I'm trying to understand what happens when I store a pointer of different data type into char pointer. I understand everything except why these two lines:
…
char *cc;
long l;
…
cc = &l;
printf("\nc: %ld, cc: %u", *cc, cc);
are printing this:
c: 4294967211, cc: 591272048
instead of this->
c: 171 (0xAB), cc: 591272048?
Code:
#include <stdio.h>
int main()
{
char c = 65, *cc;
int i = 0x12345678;
long l = 0x12345AB;
float f = 3.14;
cc = &c;
printf("c: %c, cc: %u", *cc, cc);
cc = &i;
printf("\nc: %d, cc: %u", *cc, cc);
cc = &l;
printf("\nc: %ld, cc: %u", *cc, cc);
cc = &f;
printf("\nc: %f, cc: %u", *cc, cc);
}
Prints:
c: A, cc: 591272063
c: 120, cc: 591272056
c: 4294967211, cc: 591272048
c: 0.000000, cc: 4294967235
CodePudding user response:
You are invoking Undefined Behaviour, and get... undefined results! This can happen if on your target architecture:
- the
char
type is signed - the
int
type is 32 bits long - the
long
type is 64 bits long - endianness is little endian
- negative numbers use 2's complement representation
Then when executing
cc = &l;
printf("\nc: %ld, cc: %u", *cc, cc);
*cc
is the last byte of l
and is 0xAB
(or -85) it is promoted to the signed integer 0xFFFFFFAB. You already have a lot of unspecified behaviour until that point...
But when you use %ld
in printf, the program tries to read a little endian long when you only passed a char value which was promoted to int. The 32 highest order bits happen to be 0 here but that part is UB and anything could happen. But as a long, 0xFFFFFFAB
is indeed 4 294 967 211
But as you invoked UB, you cannot rely on that...

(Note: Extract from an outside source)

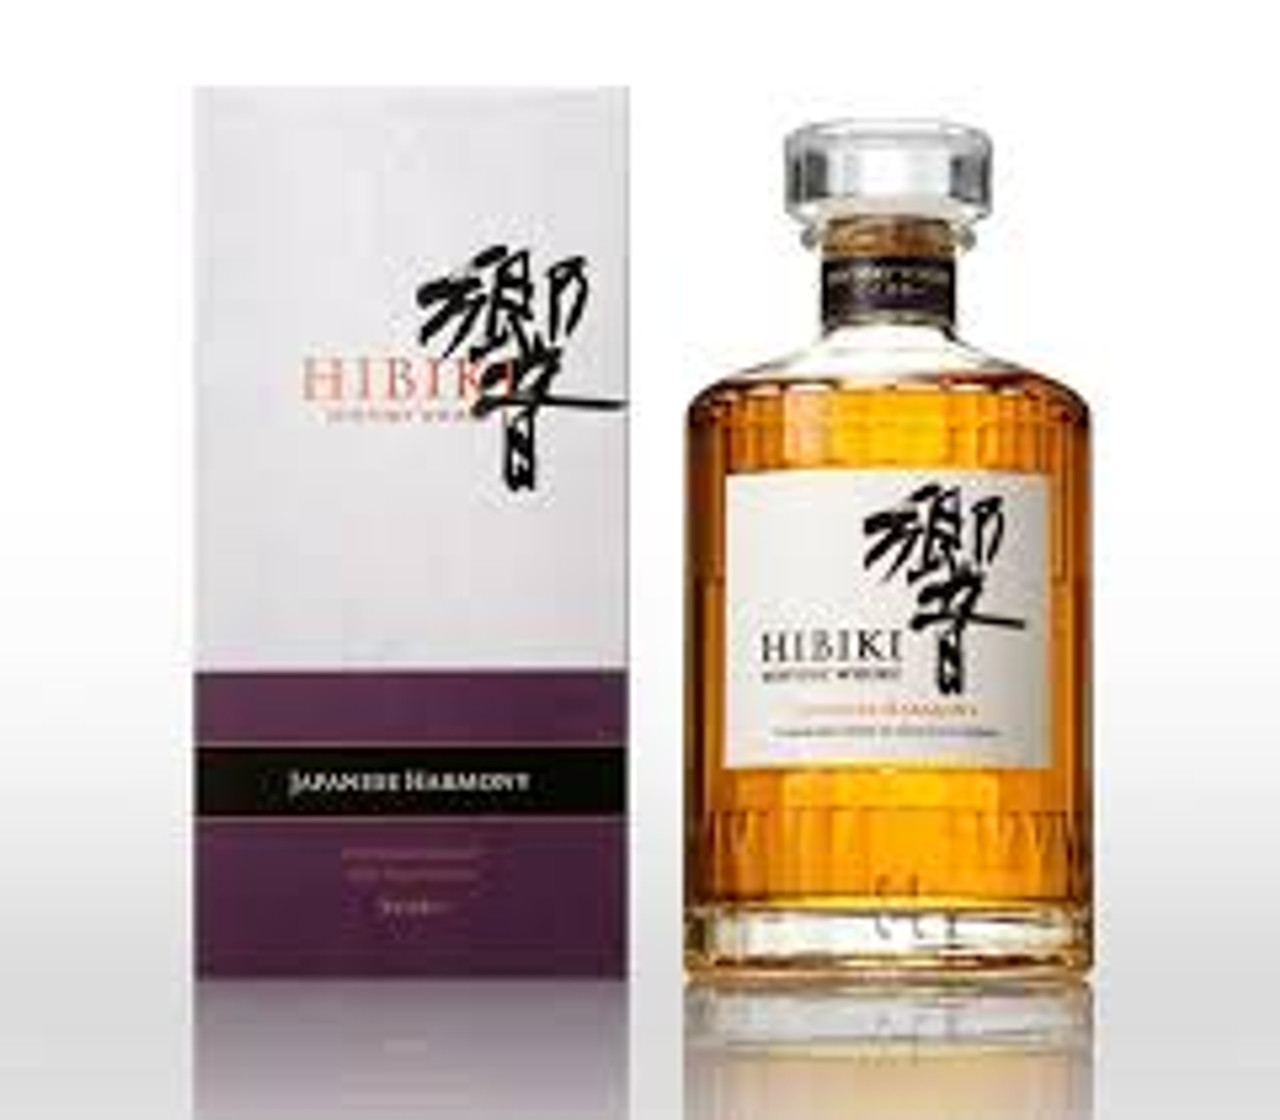 Hibiki Japanese Harmony - The Whisky Shop - San Francisco
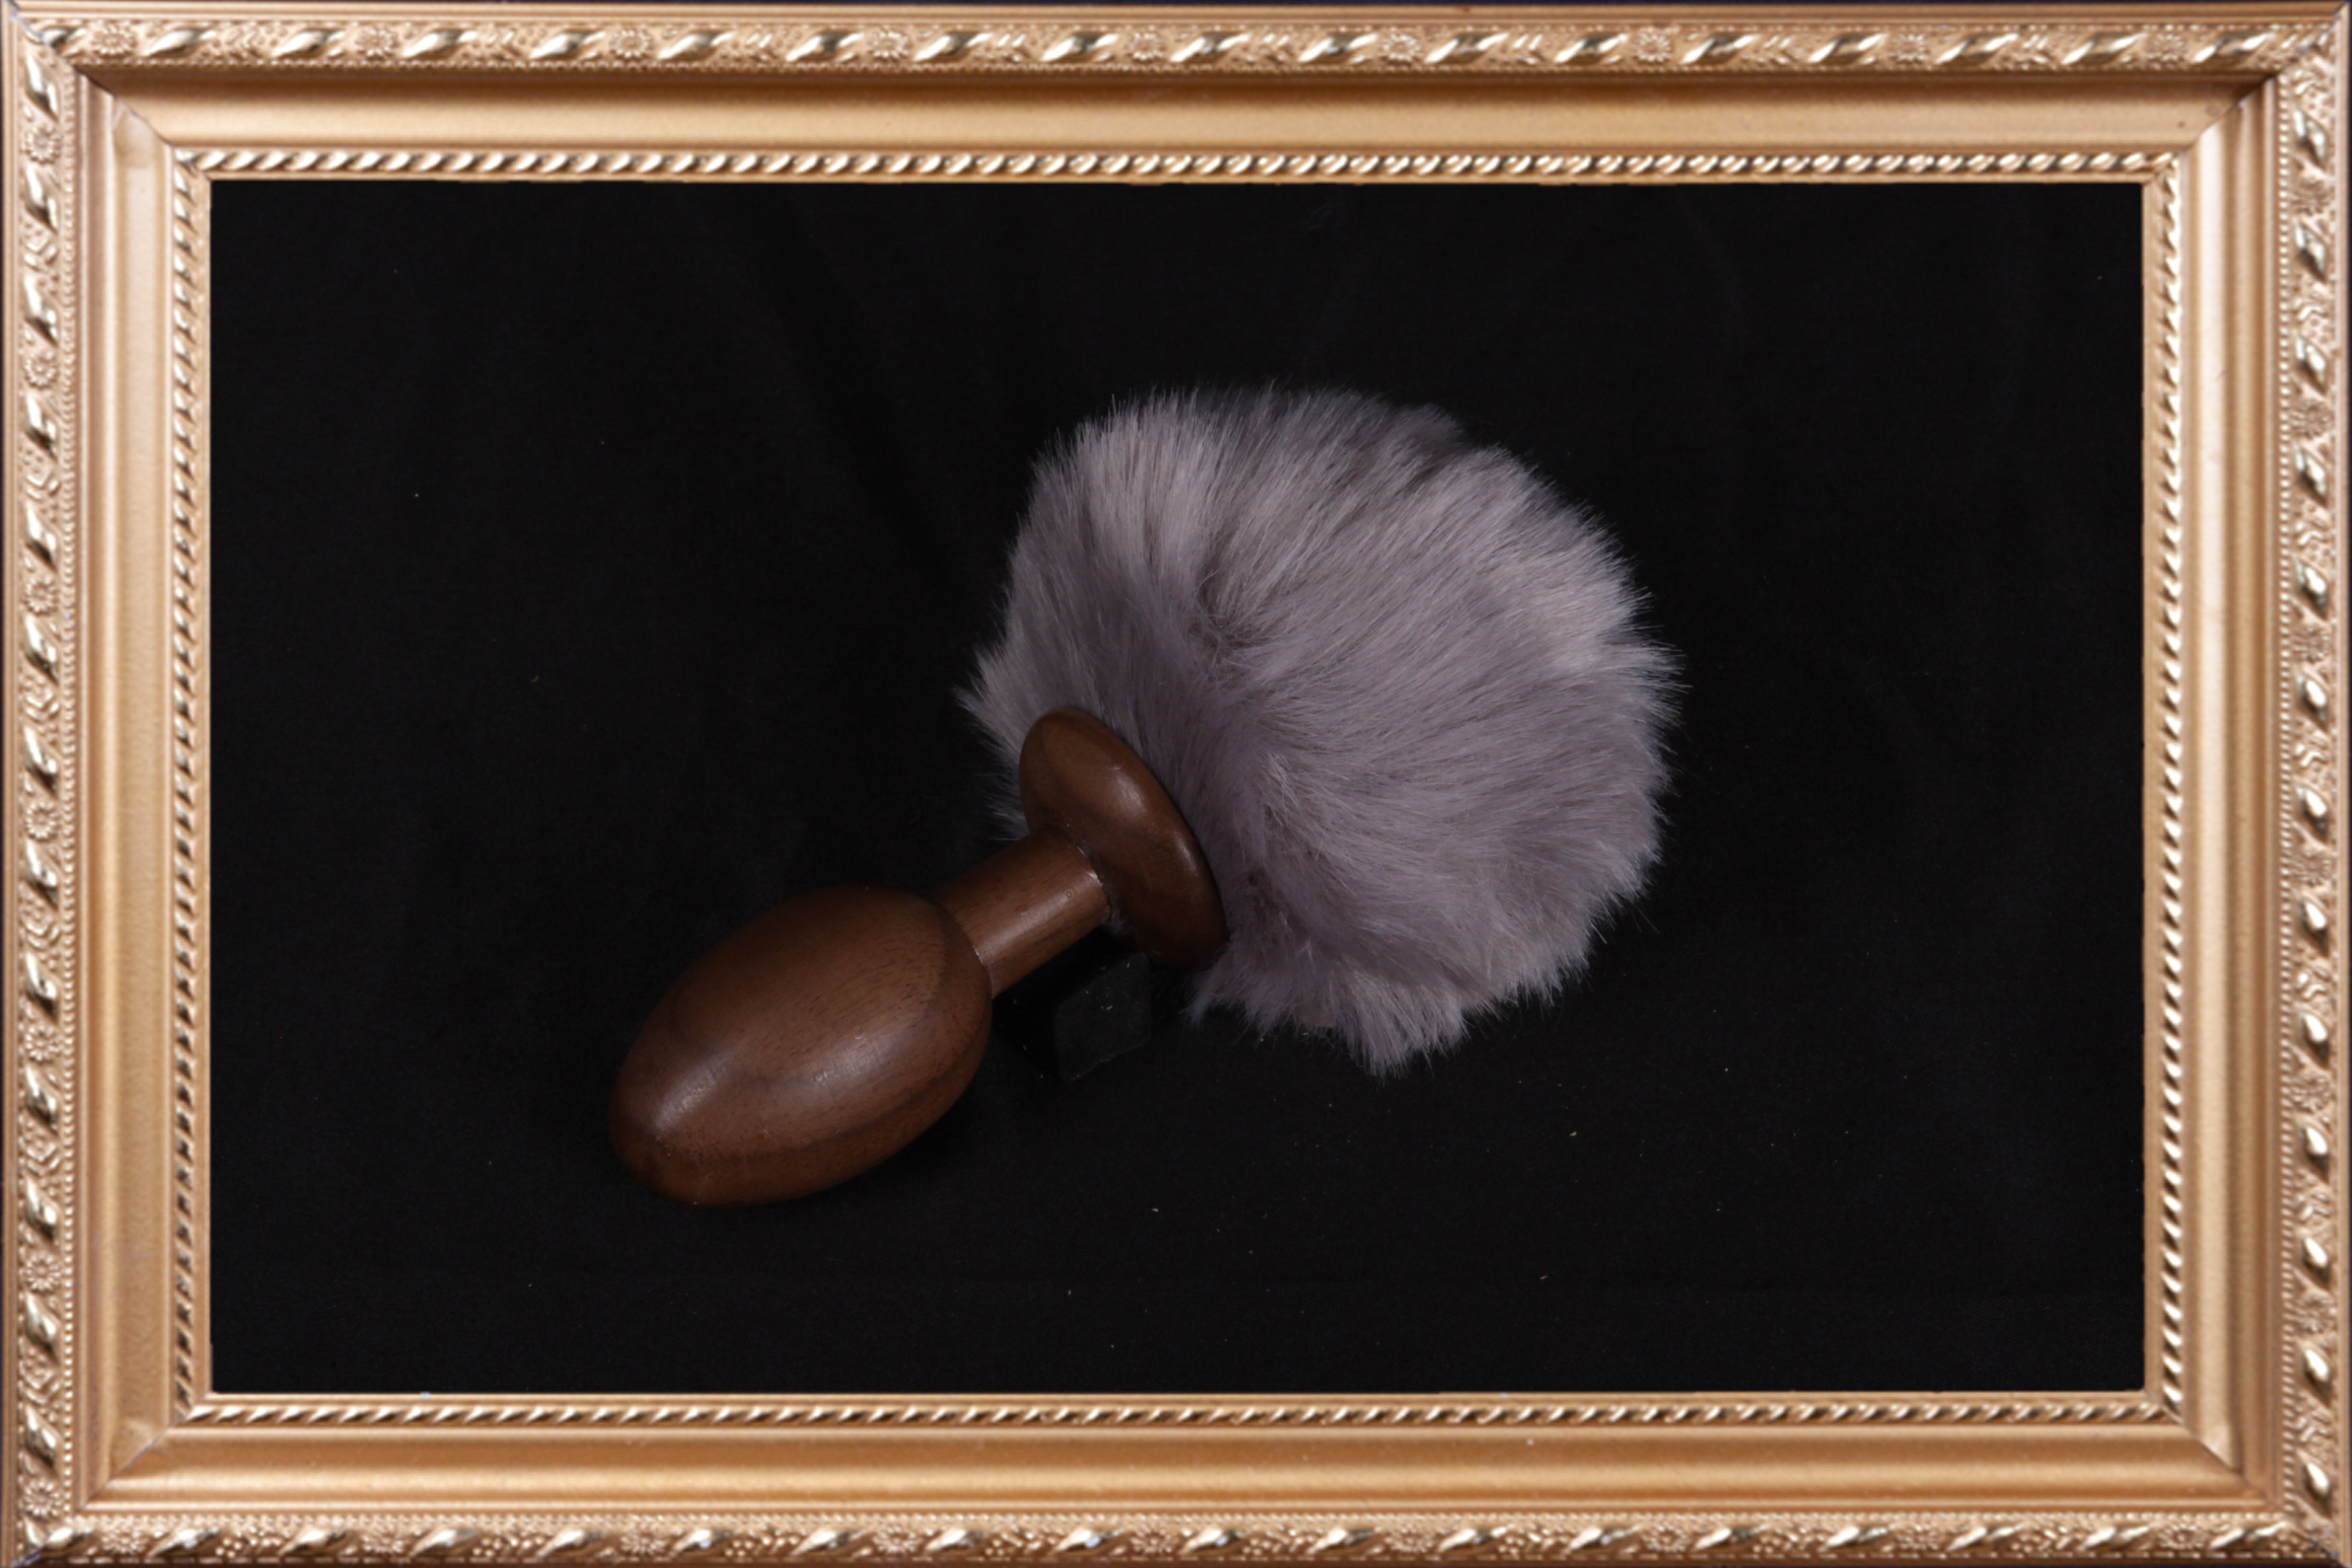 OACHKATZLSCHWOAF Nuss Hase Grau || Wooden Furry Tail Anal Butt Plug Holz|| Fox Bunny Raccoon || Sex Toy || Handmade by Holz-Knecht.at

TL/DR: your code invokes Undefined Behaviour and result could be anything.
CodePudding user response:
There are many things wrong with this program; it contains multiple forms of undefined behavior. I recommend to start compiling with these settings: What compiler options are recommended for beginners learning C?
First of all, most of these pointer assignments are invalid C - you cannot assign a pointer to one type to a pointer of a different, non-compatible type in C (see C17 6.5.16.1 and 6.5.4). You must use an explicit cast:
cc = (char*)&i;
.
Second, it is undefined behavior to use one particular conversion specifier in printf
but pass a variable by a different type. Similarly, you must print pointers using %p
and you should cast the pointer to void*
before you print it.
You should always place \n
at the end of each printf
call since on line buffered systems, \n
is often used to flush stdout and make things appear on the screen.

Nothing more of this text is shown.